Nah, mumpung akhir tahun kemarin saya punya kesempatan untuk nge-Trip, pada artikel kali ini saya akan menuliskan Catatan Perjalanan akhir tahun ke suatu tempat yang cukup famous di kota Semarang. Tempat yang sempat saya kunjungi adalah Kuil (Klenteng) Sam Poo Kong, yang berlokasi di Jalan Simongan Raya no. 129, Semarang.

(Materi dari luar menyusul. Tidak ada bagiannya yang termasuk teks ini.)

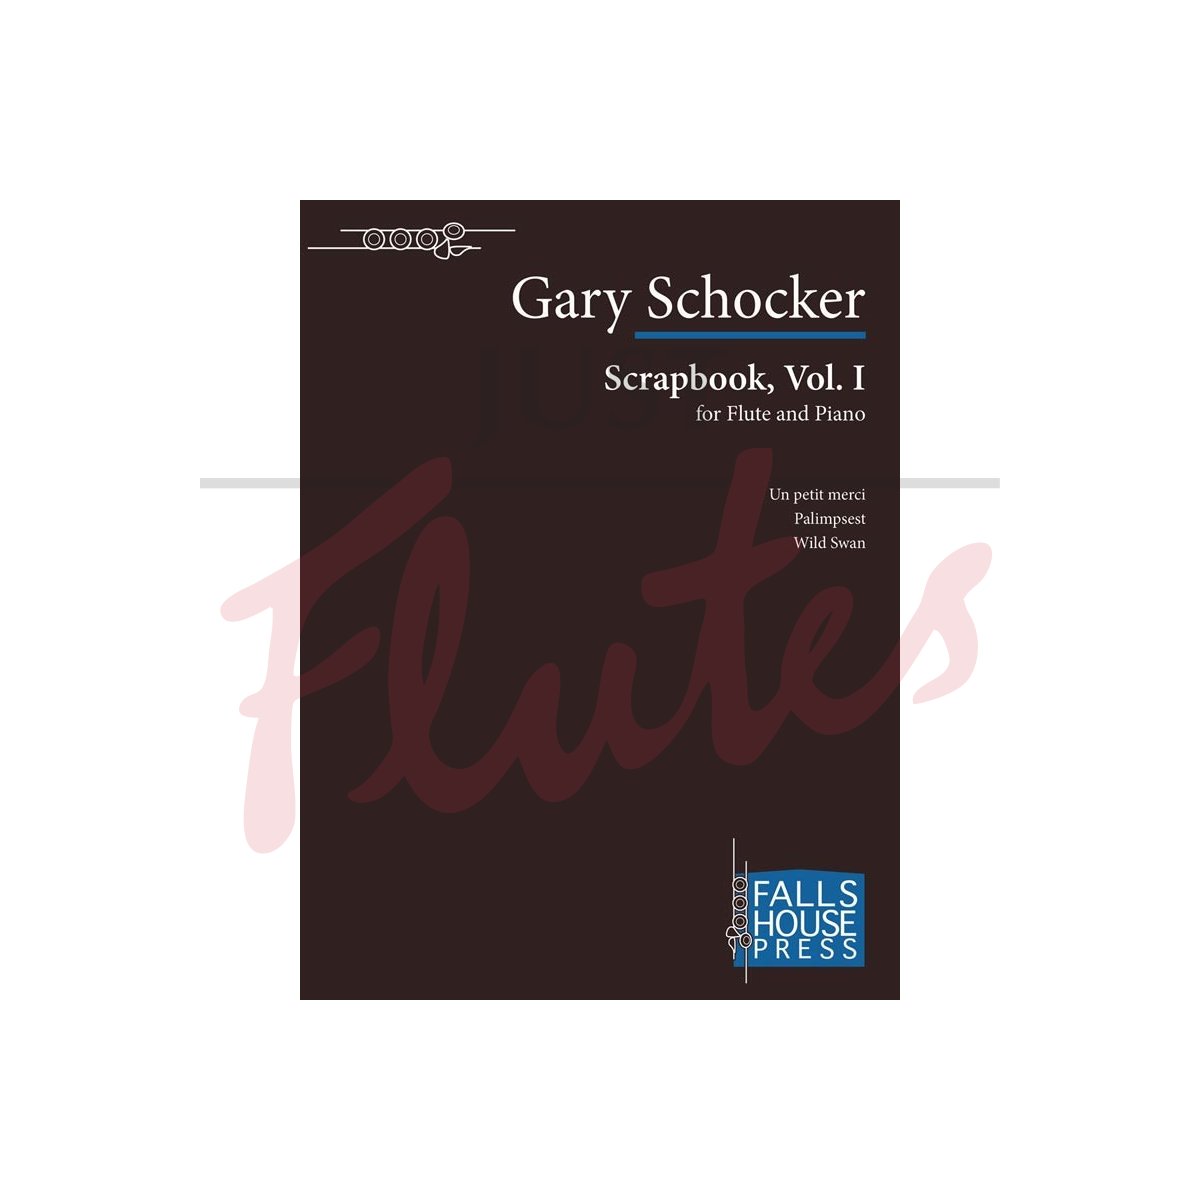 Scrapbook Volume 1 for Flute and Piano

Sejarah Singkat Klenteng Sam Poo Kong


Klenteng Sam Poo Kong (secara literal bermakna 'gua tiga orang sakti'), diyakini sebagai tempat persinggahan dan pendaratan seorang Laksamana Tiongkok yang beragama Islam, bernama Zheng He atau lebih dikenal Laksamana Cheng Ho. Pendaratan Laksamana Zheng He ini mungkin awalnya karena sebuah kebetulan, karena pada saat armada sang Laksamana sedang berlayar melalui Laut Jawa, banyak anak buahnya yang jatuh sakit, termasuk nahkodanya yang bernama Wang Jing Hong. Melihat dan menimbang kondisi anak buahnya yang sakit dan membutuhkan perawatan segera, maka sang Laksamana kemudian memutuskan untuk membuang sauh dan merapat di Pantai Utara Semarang. Di Pantai tersebut (dulu daerah Simongan adalah pantai sebelum mengalami pendangkalan) Laksamana Zheng He dan anak buahnya berlindung dalam sebuah goa di tebing batu dan mendirikan sebuah masjid (belum ada bukti kongkret cerita tentang masjid ini) yang sekarang berubah fungsi jadi Klenteng. 

Sementara Wang Jing Hong beristirahat dan memulihkan sakitnya dalam goa di Simongan itu, Laksamana Zheng He melanjutkan pelayarannya ke arah timur untuk melanjutkan misi perdamaian dan perdagangannya.

Wang Jing Hong (yang kemudian berubah nama menjadi Dampo Awang) kemudian menetap di Simongan ditemani 10 anak buahnya. Mereka kemudian membangun pemukiman, bercocok tanam dan menikah dengan penduduk pribumi. Wang Jing Hong adalah seorang muslim yang saleh (menurut buku yang ditulis Khong Yuan Zhi, berjudul Muslim Tionghoa Cheng Ho) sehingga semasa hidupnya di Simongan, dia juga menyebarkan agama Islam, mengajarkan pertanian dan perdagangan pada penduduk sekitar Simongan. Apa yang dilakukan Wang Jing Hong ternyata berpengaruh besar pada pertumbuhan ekonomi di daerah tersebut.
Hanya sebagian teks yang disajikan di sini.